The constraint function is used to ensure that the sum of the weights for the four assets is equal to 1, which means that no leverage or short positions are allowed. This constraint is added to the optimization problem using the cons dictionary.
The bnds tuple specifies the bounds for each of the four weights, which are set to be between 0 and 1. The initial_guess tuple specifies the initial values for the weights, which are set to (1, 0, 0, 0) to indicate that the initial portfolio is invested entirely in the first asset.
The minimize function is then called to perform the optimization, using the SLSQP (Sequential Least Squares Programming) algorithm as the method. The options dictionary is used to specify the maximum number of iterations for the optimization algorithm.
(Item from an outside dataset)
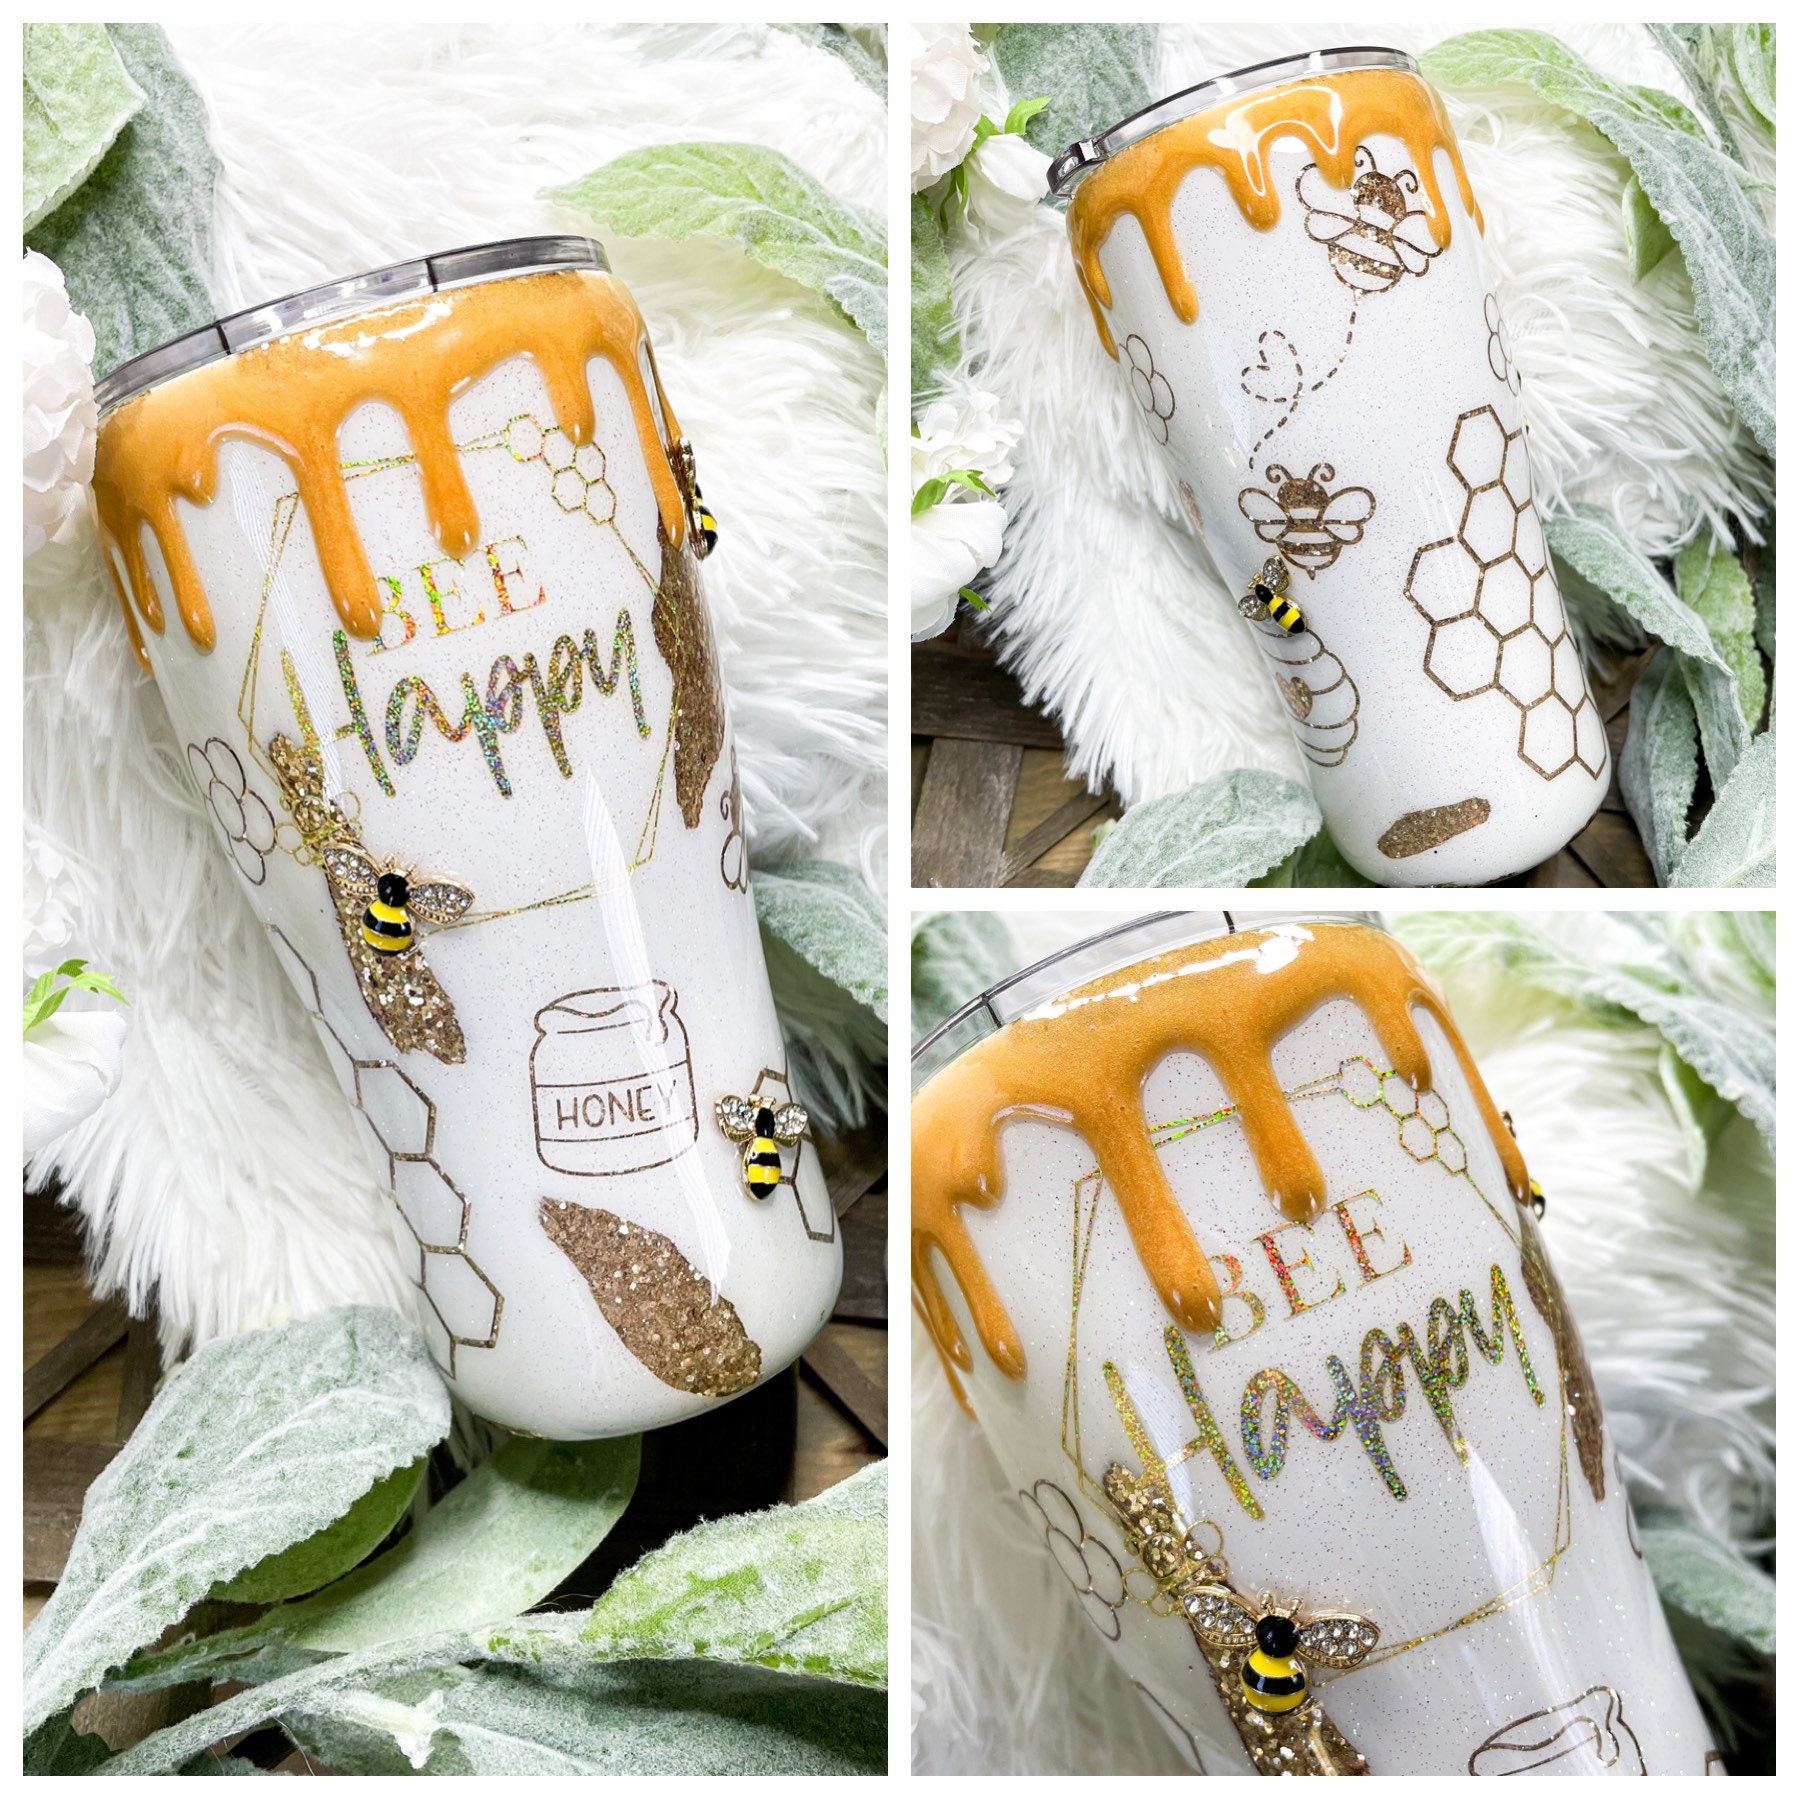 Bee Tumbler, Bee Gifts for Bee Lovers, Personalized Bee Gift for Women &  Girls, Bee Themed Birthday

Finally, the code calculates the “buy-and-hold” returns for the optimized portfolio (msBuyHoldAll) and the one-year returns for the optimized portfolio (msBuyHold1yAll). These values are calculated by applying the optimized weights to the corresponding returns for each of the four assets.
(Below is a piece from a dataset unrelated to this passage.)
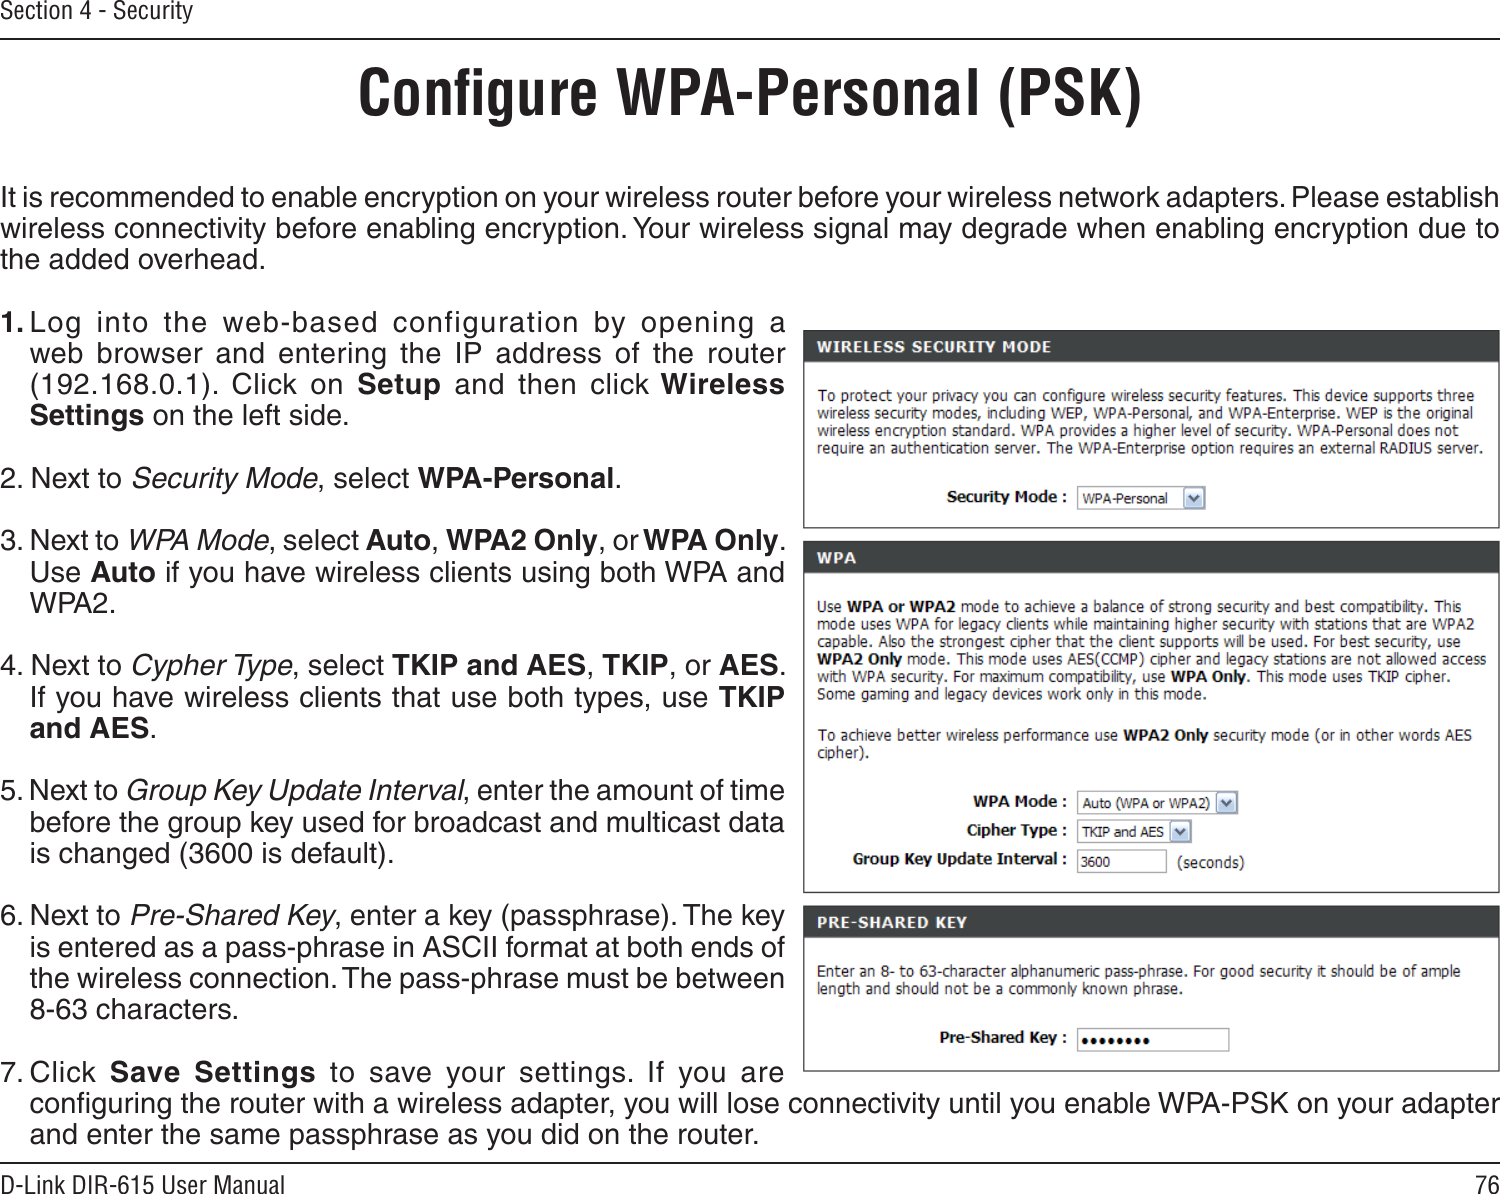 76D-Link DIR-615 User ManualSection 4 - SecurityConﬁgure WPA-Personal (PSK)It is recommended to enable encryption on your wireless router before your wireless network adapters. Please establish wireless connectivity before enabling encryption. Your wireless signal may degrade when enabling encryption due to the added overhead.1. Log  into  the  web-based  configuration  by  opening  a web  browser  and  entering  the  IP  address  of  the  router (192.168.0.1).  Click  on  Setup  and  then  click Wireless Settings on the left side.2. Next to Security Mode, select WPA-Personal.3. Next to WPA Mode, select Auto, WPA2 Only, or WPA Only. Use Auto if you have wireless clients using both WPA and WPA2.4. Next to Cypher Type, select TKIP and AES, TKIP, or AES. If you have wireless clients that use both types, use TKIP and AES.5. Next to Group Key Update Interval, enter the amount of time before the group key used for broadcast and multicast data is changed (3600 is default).6. Next to Pre-Shared Key, enter a key (passphrase). The key is entered as a pass-phrase in ASCII format at both ends of the wireless connection. The pass-phrase must be between 8-63 characters. 7. Click  Save  Settings  to  save  your  settings.  If  you  are conﬁguring the router with a wireless adapter, you will lose connectivity until you enable WPA-PSK on your adapter and enter the same passphrase as you did on the router.

Overall, this code is a tool for analyzing and optimizing the allocation of investments across multiple assets, with the goal of maximizing the risk-adjusted return of the portfolio. The use of the Sharpe ratio as the objective function helps to ensure that the optimization takes into account both the return and the risk of the portfolio.
plt.figure(figsize=(16,6))
plt.plot(BuyHold_SP*100, label='Buy & Hold S&P500')
plt.plot(BuyHold_25Each*100, label=' "" "" 25% of Each')
plt.plot(msBuyHoldAll*100, label=' "" "" Max Sharpe')
plt.xlabel('Time')
plt.ylabel('Cumulative Return (in %)')
plt.margins(x=0.005,y=0.02)
plt.axhline(y=0, xmin=0, xmax=1, linestyle='--', color='k')
plt.legend()
plt.show()
print('SP500 Weight =',round(ms.x[0]*100,2),'%')
print('TSX "" =',round(ms.x[1]*100,2),'%')
print('STOXX600 "" =',round(ms.x[2]*100,2),'%')
print('SSE "" =',round(ms.x[3]*100,2),'%')
print()
print('Sharpe =',round(msBuyHold1yAll.mean()/msBuyHold1yAll.std(),3))
print()
print('Median yearly excess return over SP500 =',round((msBuyHold1yAll.median()-SP1Y.median())*100,1),'%')This code implements a comprehensive investment performance visualization and analysis framework designed to evaluate multiple portfolio allocation strategies. The system initiates through the establishment of a specialized plotting environment with precise 16x6 inch dimensional specifications optimizing visual representation capabilities. The visualization framework incorporates three distinct investment methodologies: a passive S&P500 index tracking strategy, a uniformly distributed multi-asset allocation approach implementing 25% weightings across four major market indices (S&P500, TSX, STOXX600, SSE), and an optimized portfolio construction methodology maximizing risk-adjusted returns through Sharpe ratio optimization.